The test statistic is calculated as

$F = \frac{\text{MSM}}{\text{MSE}} = \frac{\text{explained variance}}{\text{unexplained variance}}$

If $H_0$ is true and the residuals are unbiased, homoscedastic, independent, and normal:

$\frac{\text{SSE}}{\delta^2}$ has a $\chi^2$ distribution with $\text{DFE}$ degrees of freedom.
$\frac{\text{SSM}}{\delta^2}$ has a $\chi^2$ distribution with $\text{DFM}$ degrees of freedom.
$\text{SSE}$ and $\text{SSM}$ are independent random variables.

If $u$ is a $\chi^2$ random variable with $n$ degrees of freedom, $v$ is a $\chi^2$ random variable with $m$ degrees of freedom, and $u$ and $v$ are independent, then if $F = \frac{\frac{u}{n}}{\frac{v}{m}}$ has an $F$ distribution with $(n,m)$ degrees of freedom.

By the previous information, if $H_0$ is true, $F = \frac{\frac{\text{SSM}/\delta}{\text{DFM}}}{\frac{\text{SSE}/\delta}{\text{DFE}}}$ has an F distribution with $(\text{DFM}, \text{DFE})$ degrees of freedom.

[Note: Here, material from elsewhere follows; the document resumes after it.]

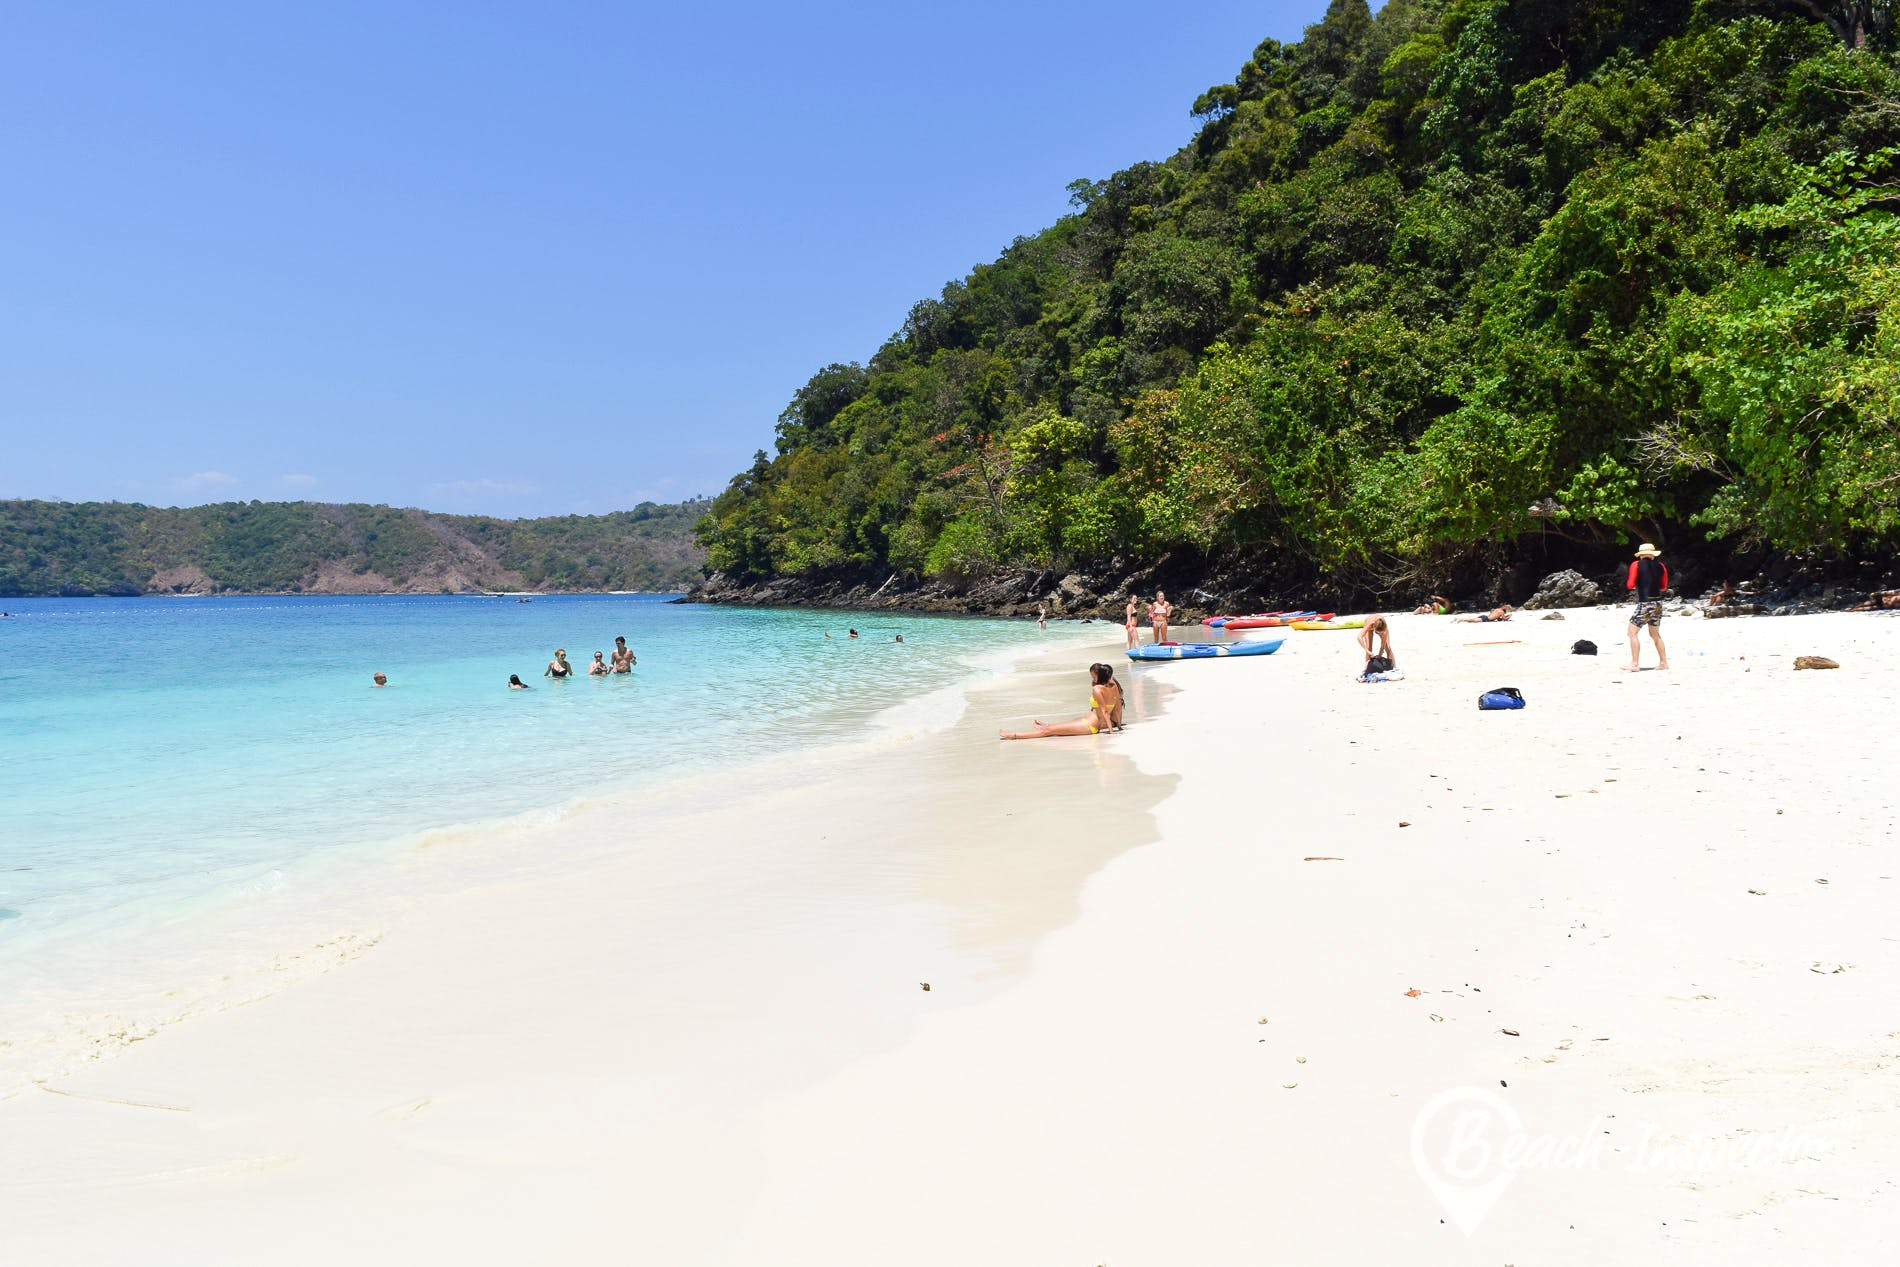 Beach Monkey Beach, Koh Phi Phi, Thailand

But $F = \frac{\frac{\text{SSM}/\delta}{\text{DFM}}}{\frac{\text{SSE}/\delta}{\text{DFE}}} = \frac{\frac{\text{SSM}}{\text{DFM}}}{\frac{\text{SSE}}{\text{DFE}}} = \frac{\text{MSM}}{\text{MSE}}$, so $F$ is independent of $\delta$.

F-test for subset of x

The complete model:

$y = \beta_0 + \beta_1x_1 + \beta_2x_2 + \dots + \beta_{p - 1}x_{p - 1} + \beta_px_p + \dots + \beta_{k - 1}x_{k - 1}$

The reduced model:

$y = \beta_0 + \beta_1x_1 + \beta_2x_2 + \dots + \beta_{p - 1}x_{p - 1}$

The null hypothesis $H_0$:

$\beta_p = \dots = \beta{k - 1} = 0$

The alternative hypothesis $H_a$:

$\exists \beta_i \neq 0 \quad for \quad i \in [p, k - 1]$

The test statistic:

$F = \frac{\frac{(\text{SSE}_r - \text{SSE}_c)}{k - p}}{\frac{\text{SSE}_c}{n - k}} = \frac{\frac{(\text{SSE}_r - \text{SSE}_c)}{\text{number of \beta tested}}}{\text{MSE}_c}$

Rejection region:

$F \gt F_\alpha$

Note that the overall F-test is a special case for subset test.